The new outlook will affirm that the earth supplies enough for everyone’s need but not for everyone’s greed.  This would be a revolution in thought for the USA.  Is it possible?   The answer to that may  not be certain, but there can be no doubt that it is necessary.  The grand myth, lie and deception of capitalism has been that we only need everyone’s greed in a self-balancing system to have a working economy.  This has produced the towering injustice of today’s filthy rich and despairing poor, with 1% of the population claiming right to a damnably disproportionate chunk of the earth’s resources.  For the vast majority of earth’s people, capitalism has turned  out to be a system of poverty production.

So now the great experiment with greed has run its course, and people are waking up to…what?   The possibilities of generosity?  Communal health may be an attractive alternative to individual wealth when it makes the difference between survival and destruction.  But again, who can see that?  Historically, this has been seen most clearly by people who live in a local community, in touch with their own interdependence and the living earth which gives them food and water.  Generosity, mutual aid, the kind of sharing that healthy families take for granted is the economy of small communities which offer hope for a sustainable future.  

End Warfare Capitalism

Warfare capitalism has run its course.  In its death throes, it thrashes about wildly—a sight unpleasant to behold and experience.  American consumers are finding it hard to get a grip these days.  The old working philosophy—“If some is good, too much is better” (Wendell Berry)—is no longer working.  We need historical perspective to understand what is happening and begin a serious search for something else.   

Norman Wirzba tells us what has happened:  

"What must not be forgotten is that capitalism has, from the beginning, been a military, imperial project that depended on brutal violence for its success.  As Sven Beckert has argued in his magisterial book EMPIRE OF COTTON: A GLOBAL HISTORY, even in its early mercantile phase capitalism would be most honestly described as ‘war capitalism.’  Entire continents and races of people were brutalized to secure commodities and profits.  The project of modern progress, in other words, depended on terrorizing lands and  peoples, extracting whatever wealth was available, and thereby keeping vast populations poor.”  THE CHRISTIAN CENTURY, Sept. 27, 2017, Norman Wirzba, p. 24. 

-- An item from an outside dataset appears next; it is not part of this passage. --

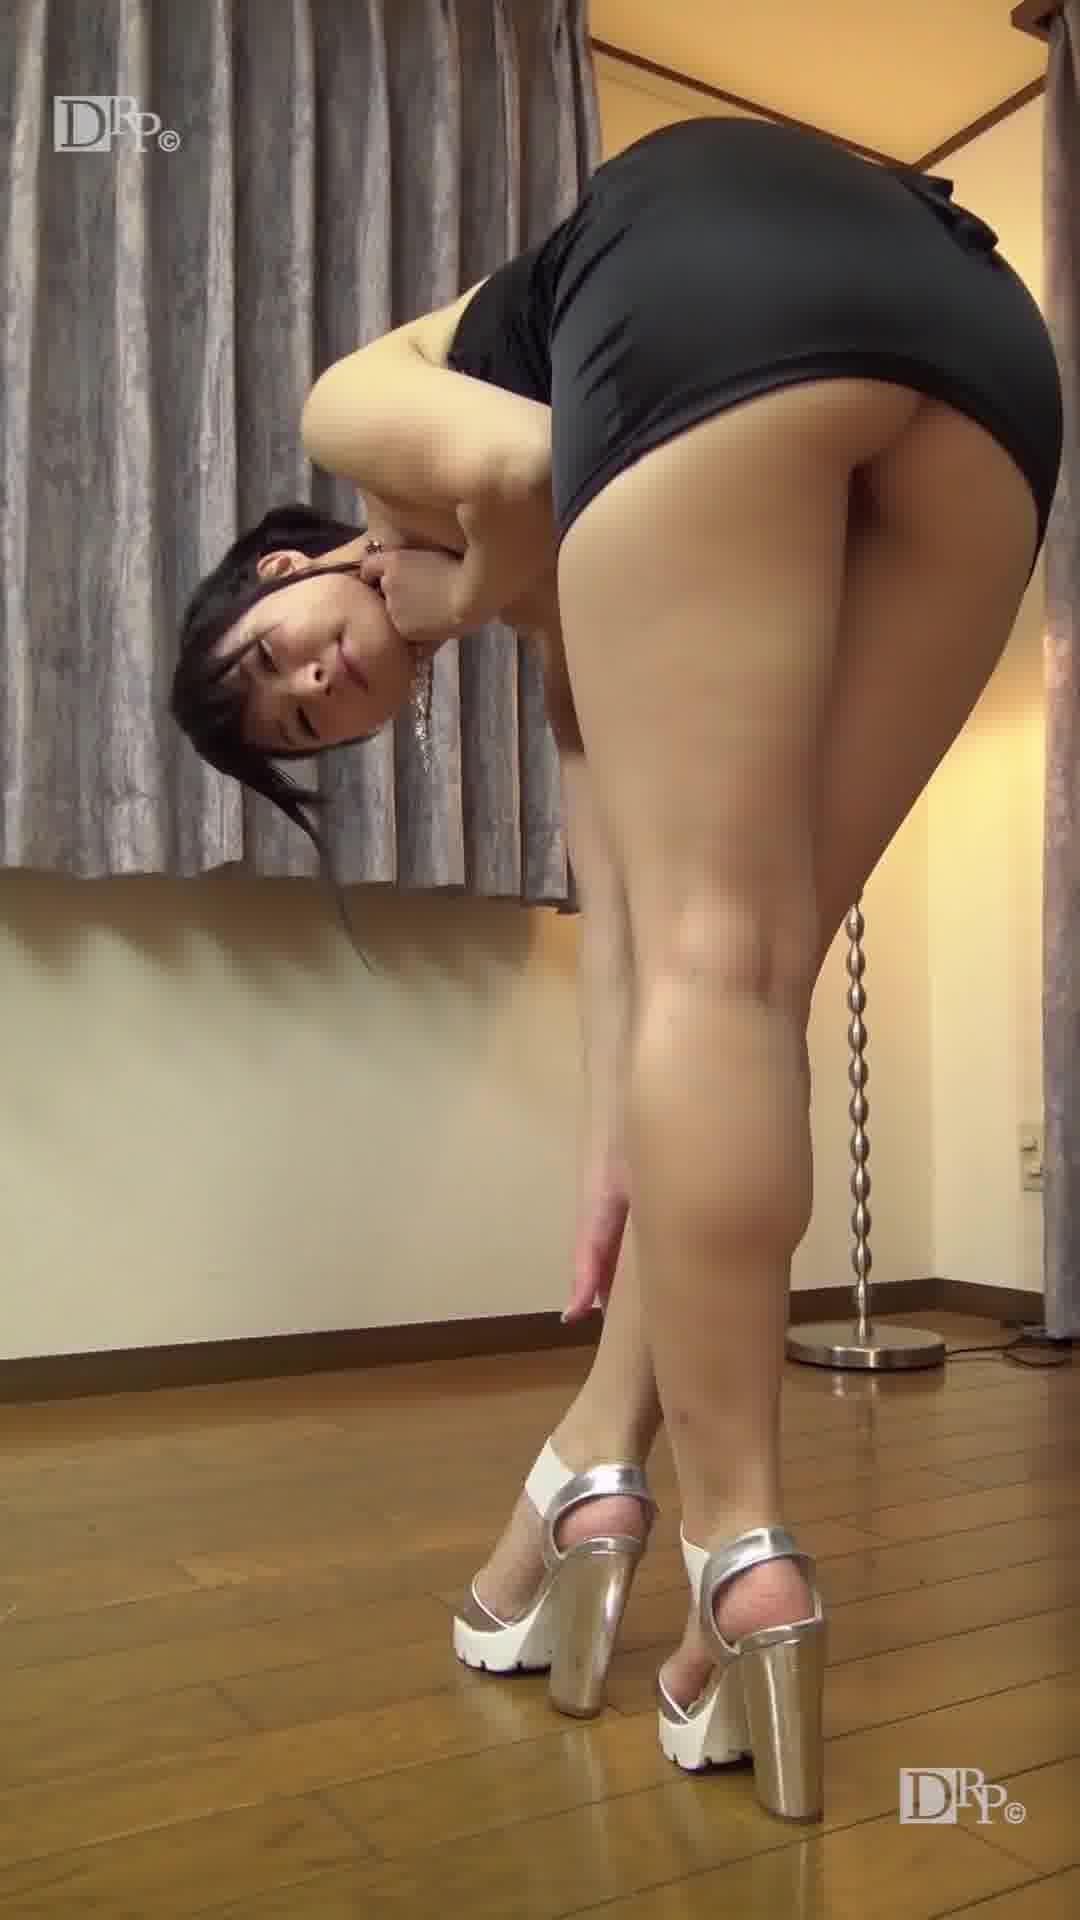 縦型動画 025 ~縦揺れ足腰ガックガク~ - 咲田凛【パイパン・美乳・美尻】

The poor of the world, and of our own country, are saying, “This game is over.  Your guns are not our masters.”  The American policy of endless war will have an end.  How much of that end is disaster, and how much is something better is basically a choice to be made by  millions of American people, acting alone and together.  Will we choose to replace greed with generosity?  A bloodless revolution…but a revolution to be sure!
Hear Jesus Define Kingdom of God
I’ve said that a simple lifestyle replaces the capitalist consumption obsession with generosity, and rejects warfare capitalism—both revolutionary moves.  What else?

Jesus gave form and content to a comprehensive alternative lifestyle when he announced the “kingdom of God.”  What he meant was  the kingship of God challenging and rejecting the kingship of imperial earthly kings:  Herod, Pilate, Caesar, et al—the whole lot of them.

There never has been a simplistic, easy or incontrovertibly inclusive definition of “the kingdom of God.”  But neither has there ever been a way, since it was announced by Jesus, for humanity to act as if this idea is irrelevant or capable of being ignored.  Tens of millions of Christians in the United States and across the world pay some kind of homage and allegiance to this kingdom of God every Sunday of the year—indeed, every day of the year.  

The power of this concept lies in its frontal political language and challenge to earthly kings, and in its assertion that there is a will of God that can be done on earth as it is in heaven.  

When people form communities around the project of discovering and enacting the will of God, they position themselves to add truths of the heart to those of science and the head for the education and governance of their lives.  All of this I have summarized with the phrase “simple living,” because that never has been, and probably never will be, used to describe the way of Empire.